▶ Source material
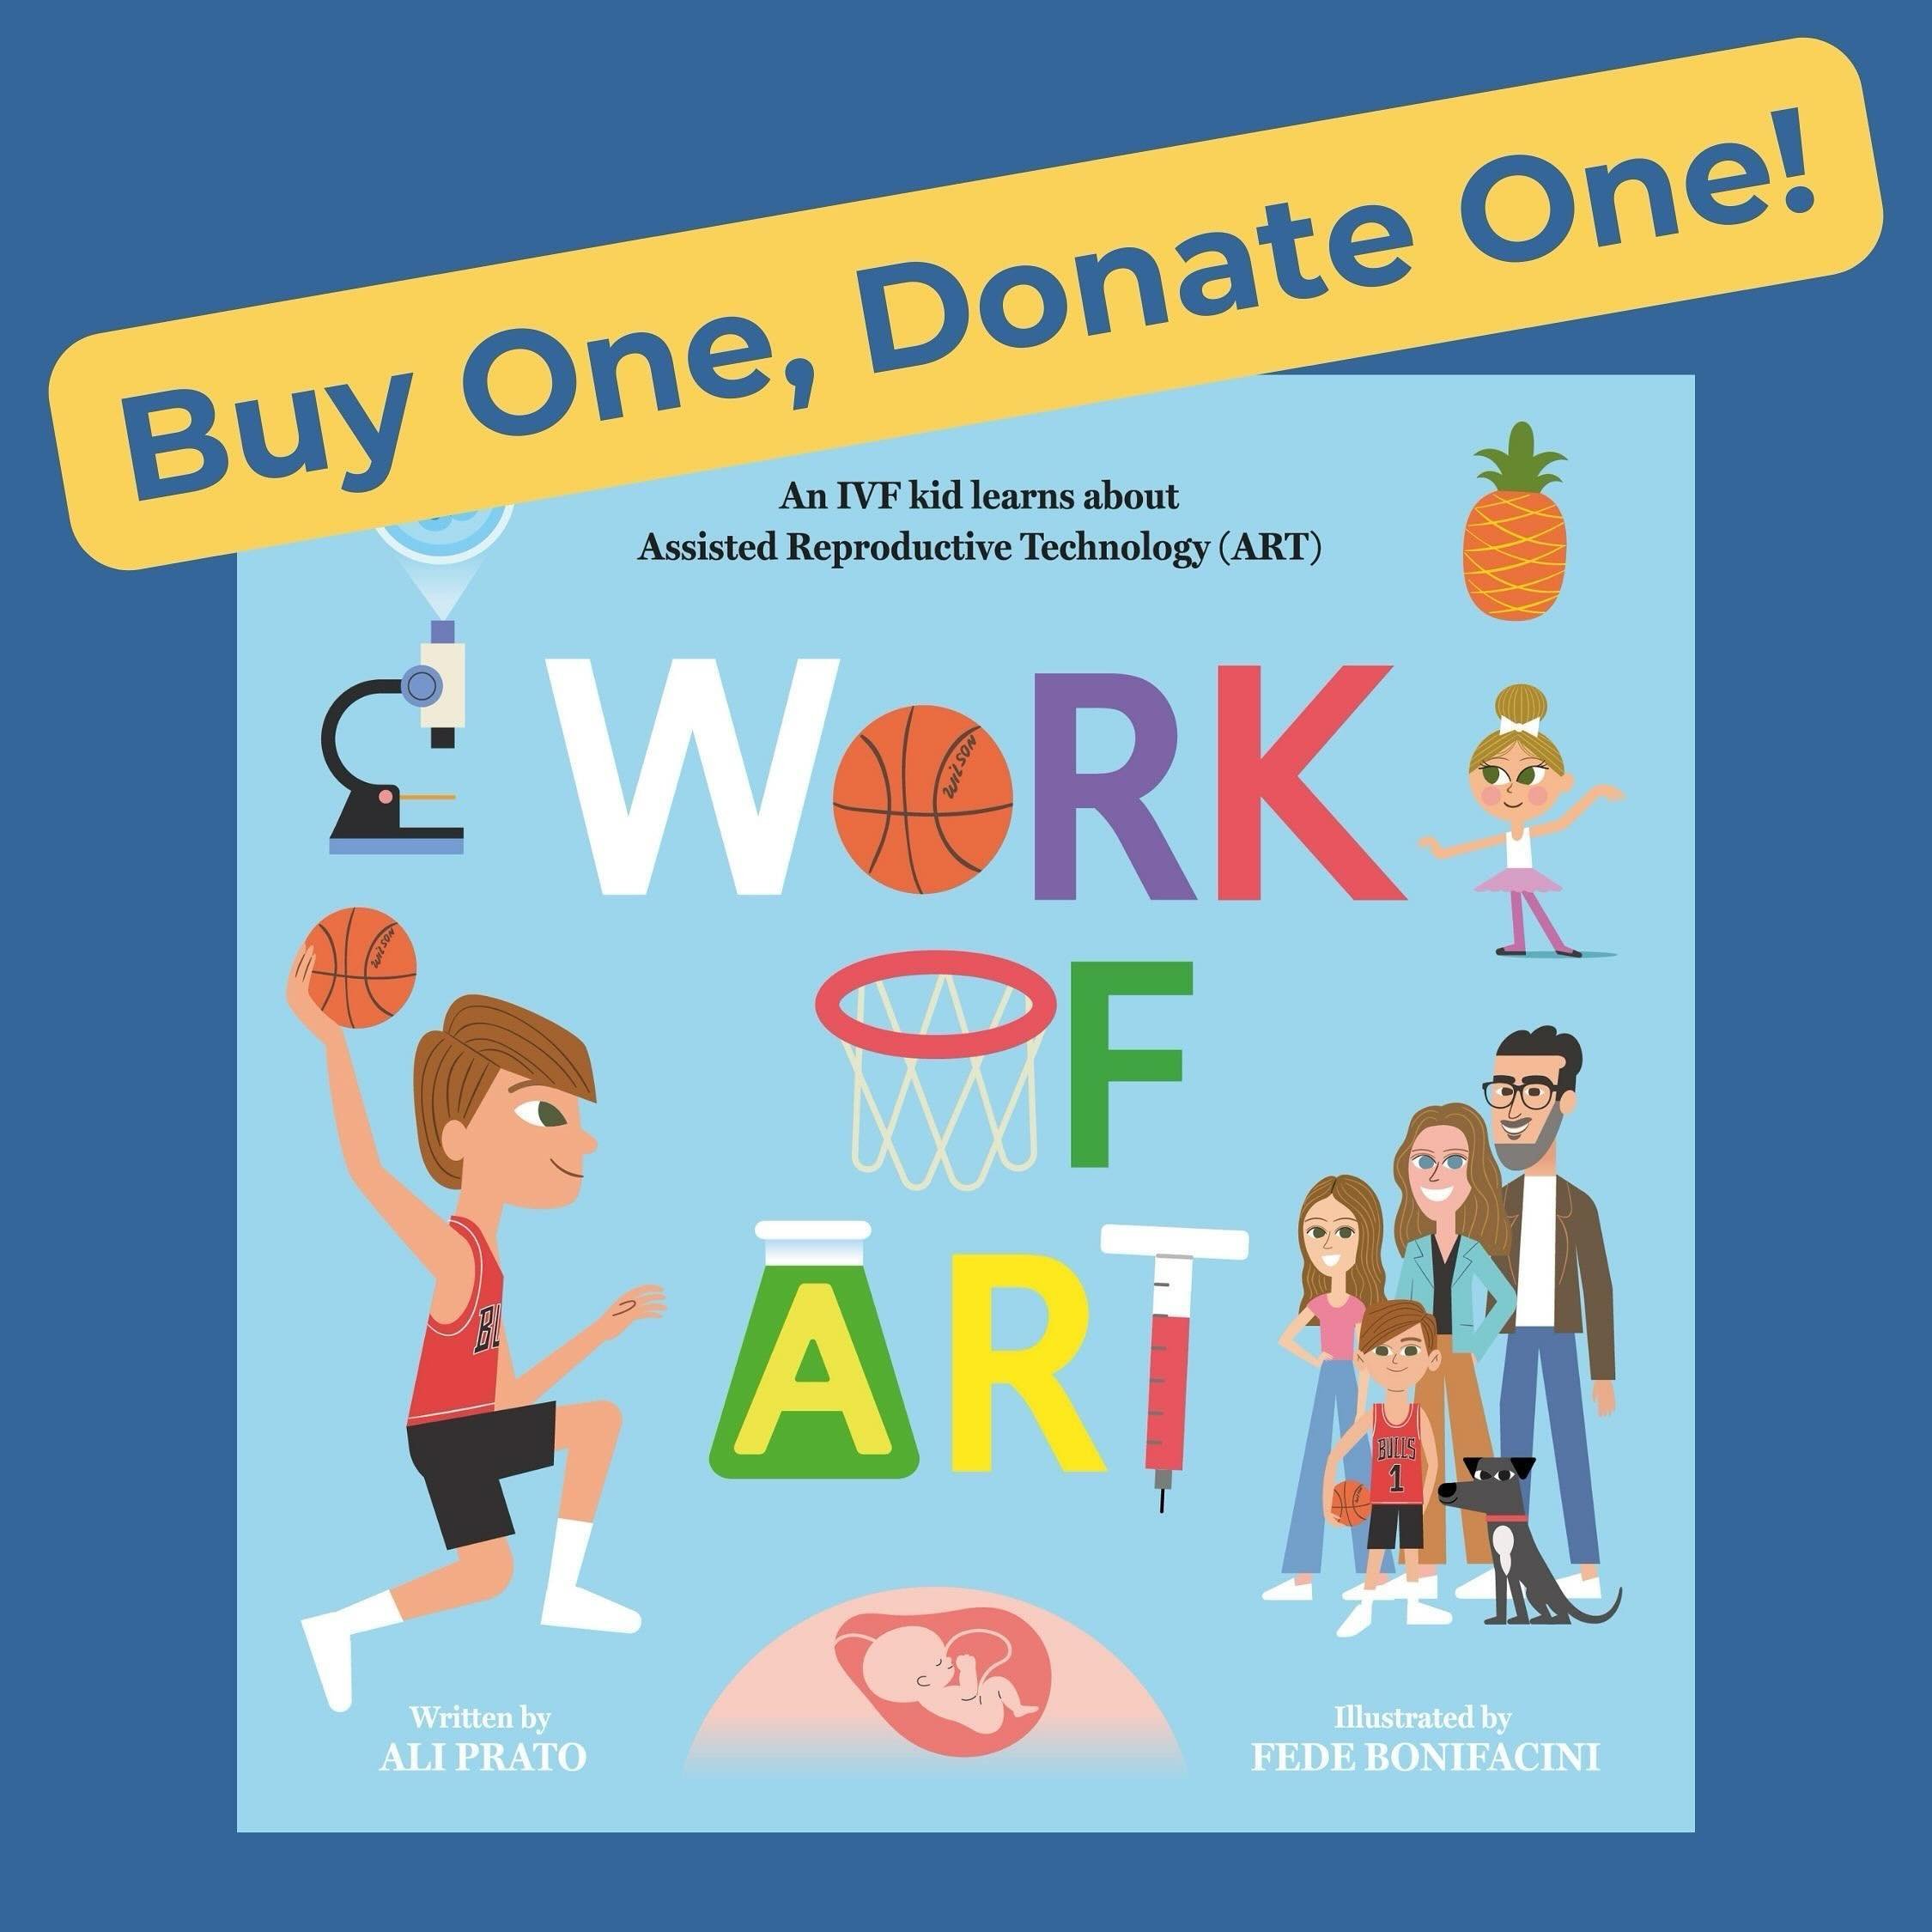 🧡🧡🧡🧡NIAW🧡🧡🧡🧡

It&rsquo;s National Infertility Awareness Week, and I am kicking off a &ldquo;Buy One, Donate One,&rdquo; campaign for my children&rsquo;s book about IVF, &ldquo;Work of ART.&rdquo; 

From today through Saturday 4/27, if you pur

▶ Work to be completed
Print the listing verbatim; no pictures.

▶ Task output
 🧡🧡🧡🧡NIAW🧡🧡🧡🧡

It&rsquo;s National Infertility Awareness Week, and I am kicking off a &ldquo;Buy One, Donate One,&rdquo; campaign for my children&rsquo;s book about IVF, &ldquo;Work of ART.&rdquo; 

From today through Saturday 4/27, if you pur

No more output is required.